The core of the converter (tile_convert.py) uses this algorithm per frame:

  1. Parse tiles: Split 256x160 image into 640 8x8-pixel tiles
  2. K-means clustering: Group tiles by mean color into 2 clusters (one per sub-palette). Uses K-means++ initialization for stability.
  3. Sub-palette building: For each cluster, find the 15 most representative colors (color 0 reserved for transparency). Uses median-cut or K-means on pixel colors.
  4. BGR555 quantization: Build a lookup table mapping each 24-bit RGB color to its nearest BGR555 palette entry. O(1) per pixel after LUT construction.
  5. Floyd-Steinberg dithering: Error diffusion across tile boundaries to minimize banding. Dithering crosses tile edges for visual continuity.
  6. 4BPP encoding: Convert pixel indices to SNES bitplane format (4 bytes per row, interleaved).
  7. Tile reduction: If unique tiles exceed 384, greedily merge the most similar pair (L2 distance on decoded RGB pixels). Repeat until at limit.
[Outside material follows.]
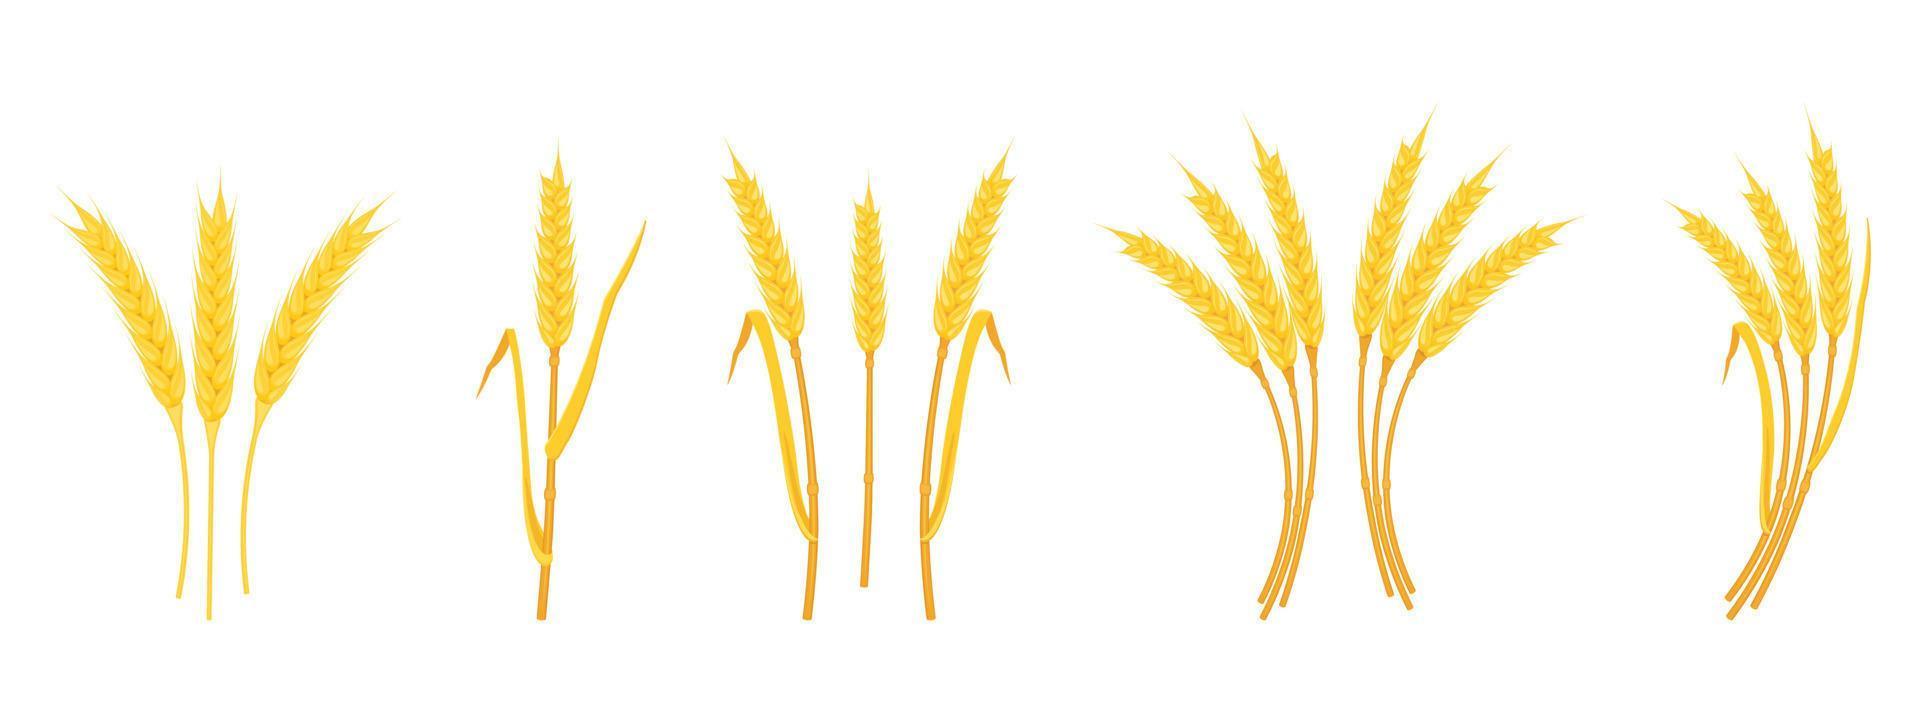 spighe di grano con spighe e steli di varie forme isolati su sfondo bianco. vettore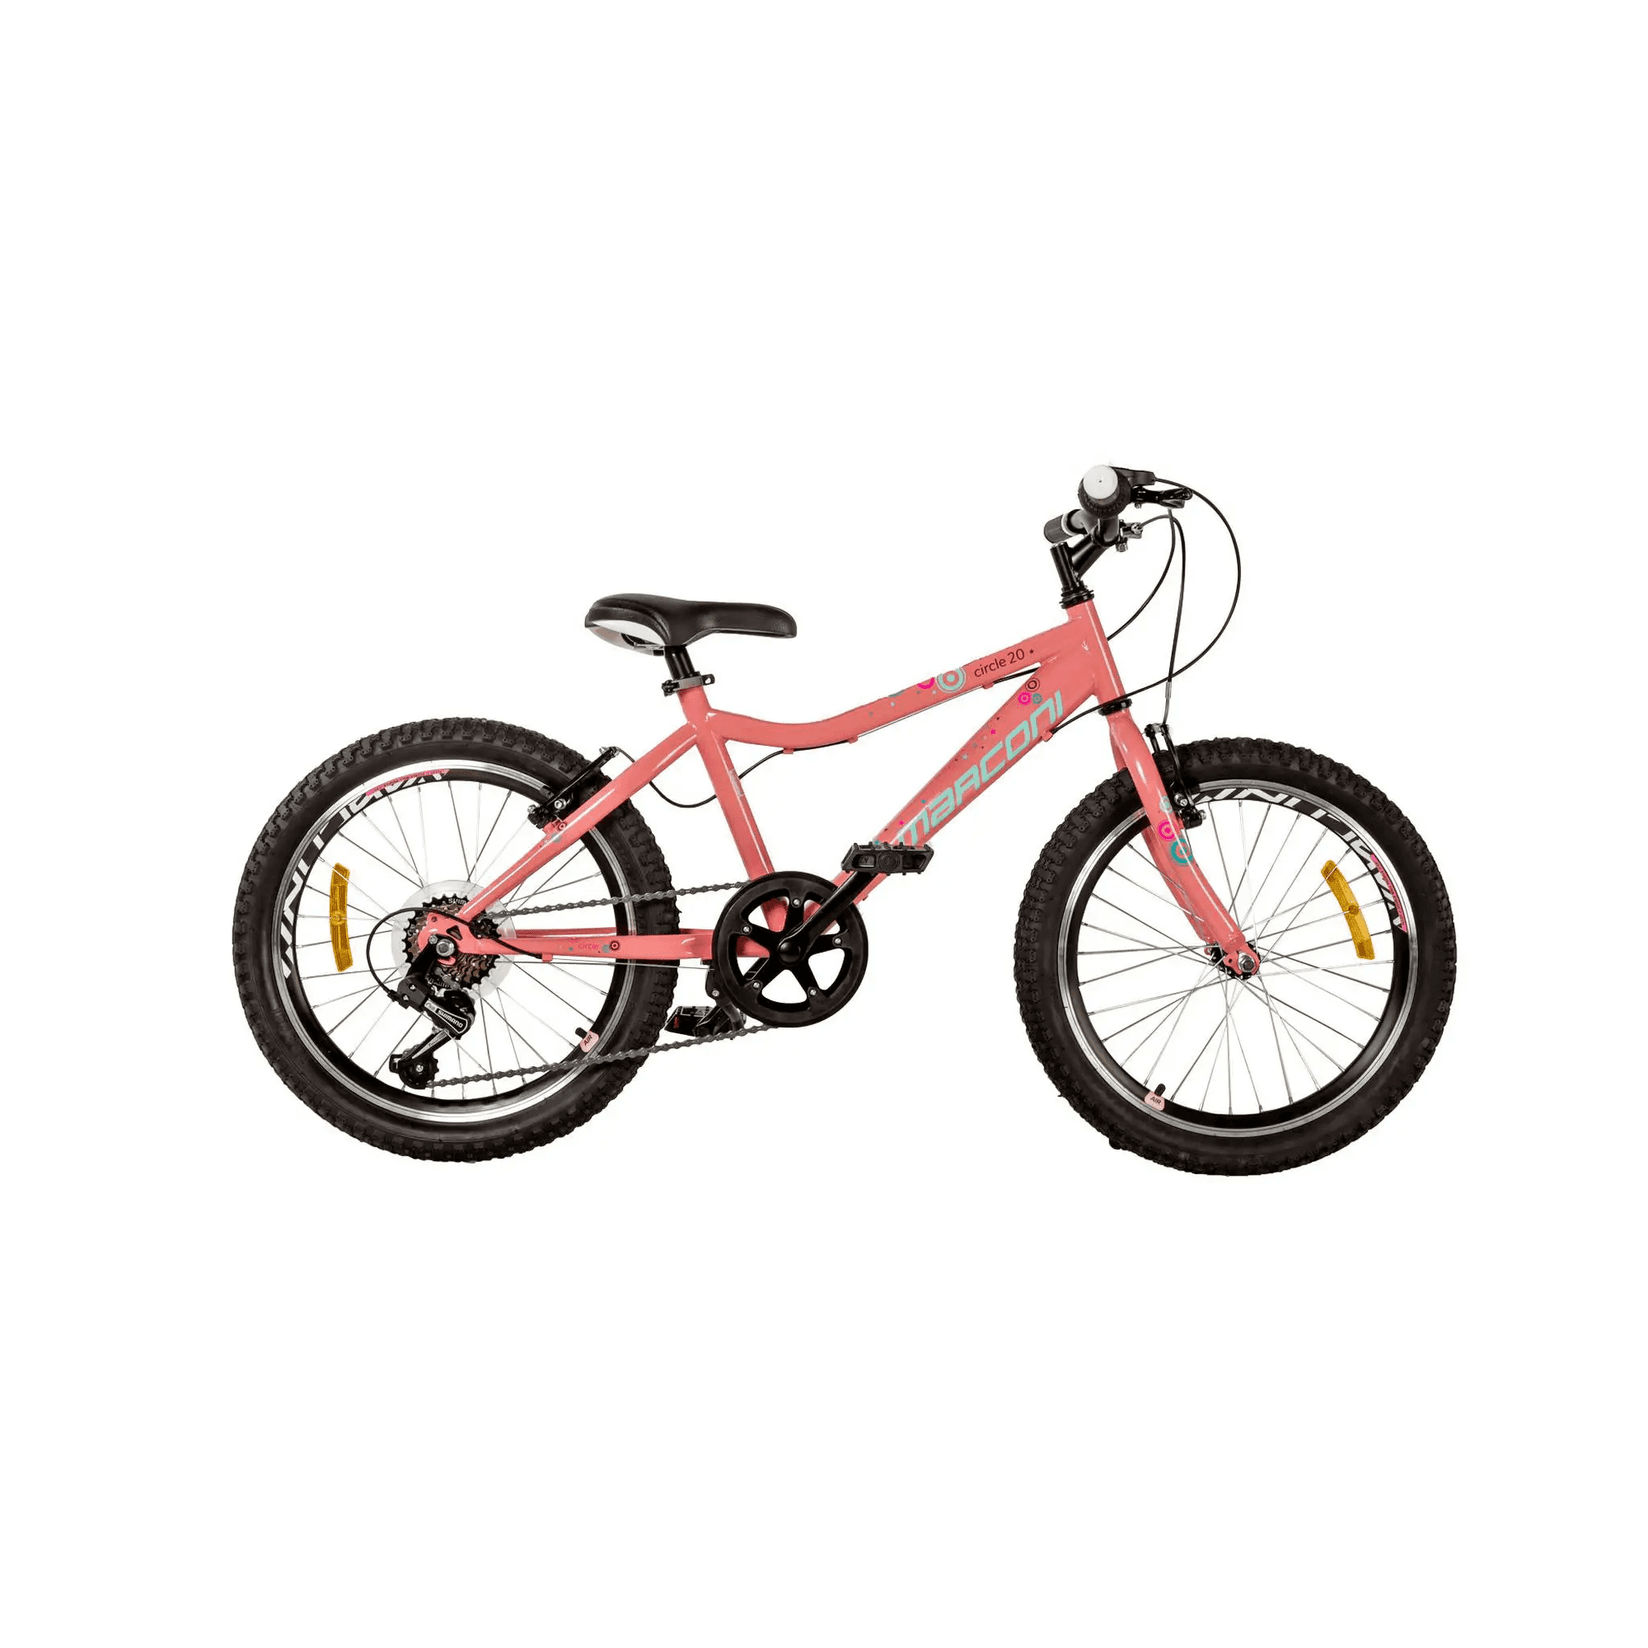 Selected image for MARCONI Bicikl za devojčice Circle 20"/13 koralni

Building the ROM (Developer Only)

Only needed if you modify the 65816 source. Requires WLA-DX v9.5 assembler (included in rom/tools/) and WSL on Windows.

cd rom
wsl -e bash -c "make clean && make"
# Output: build/SNESVideoPlayer.sfc → distribution/SNESVideoPlayer.sfc

Project Structure

SNES-VideoPlayer/
├── converter/                    # Python converter tool
│   ├── SNESVideoPlayer.bat       # Double-click to launch GUI (Windows)
│   ├── videoplayer_converter.py  # CLI + GUI entry point
│   ├── gui.py                    # tkinter GUI
│   ├── pipeline.py               # Conversion orchestration
│   ├── frame_extract.py          # ffmpeg frame extraction
│   ├── audio_extract.py          # ffmpeg audio → MSU-1 PCM
│   ├── tile_convert.py           # SNES tile optimization engine
│   ├── segments.py               # Per-segment quality settings
│   ├── msu_package.py            # .msu binary file writer
│   ├── preview.py                # SNES frame preview reconstruction
│   ├── video_download.py         # URL video download (yt-dlp)
│   ├── pyproject.toml            # Project dependencies (used by uv)
│   └── requirements.txt          # numpy, Pillow, yt-dlp
│
├── prebuilt/
│   └── SNESVideoPlayer.sfc       # Pre-built ROM (ready to use)
│
├── rom/                          # ROM source (developer builds)
│   ├── makefile
│   ├── src/
│   │   ├── config/               # macros, globals, structs
│   │   ├── core/                 # boot, oop, nmi, dma, screen, input
│   │   ├── definition/           # SNES/MSU-1 register definitions
│   │   ├── object/audio/         # SPC700 audio engine + driver
│   │   ├── object/msu1/          # MSU-1 video streaming
│   │   ├── object/background/    # framebuffers, text layers
│   │   ├── object/brightness/    # screen fade controller
│   │   ├── text/                 # title screen strings
│   │   ├── main.script           # Boot entry
│   │   └── videoplayer.script    # Main playback loop
│   ├── data/font/                # 8x8 font graphics
│   ├── data/sounds/              # Sound effect source WAVs
│   ├── build/                    # Build output
│   ├── distribution/             # Final ROM
│   └── tools/                    # WLA-DX assembler + snesbrr
│
├── tools/
│   ├── fxpak_push.py             # Push ROM to FXPAK Pro via USB
│   └── fxpak_debug.py            # FXPAK crash dump reader
│
└── README.md

Hardware Compatibility

  • SD2SNES / FXPAK Pro — full MSU-1 support on real SNES hardware
  • Mesen — recommended emulator for testing
  • bsnes / higan — supported (may need manifest.xml)

License

MIT License. See LICENSE for details.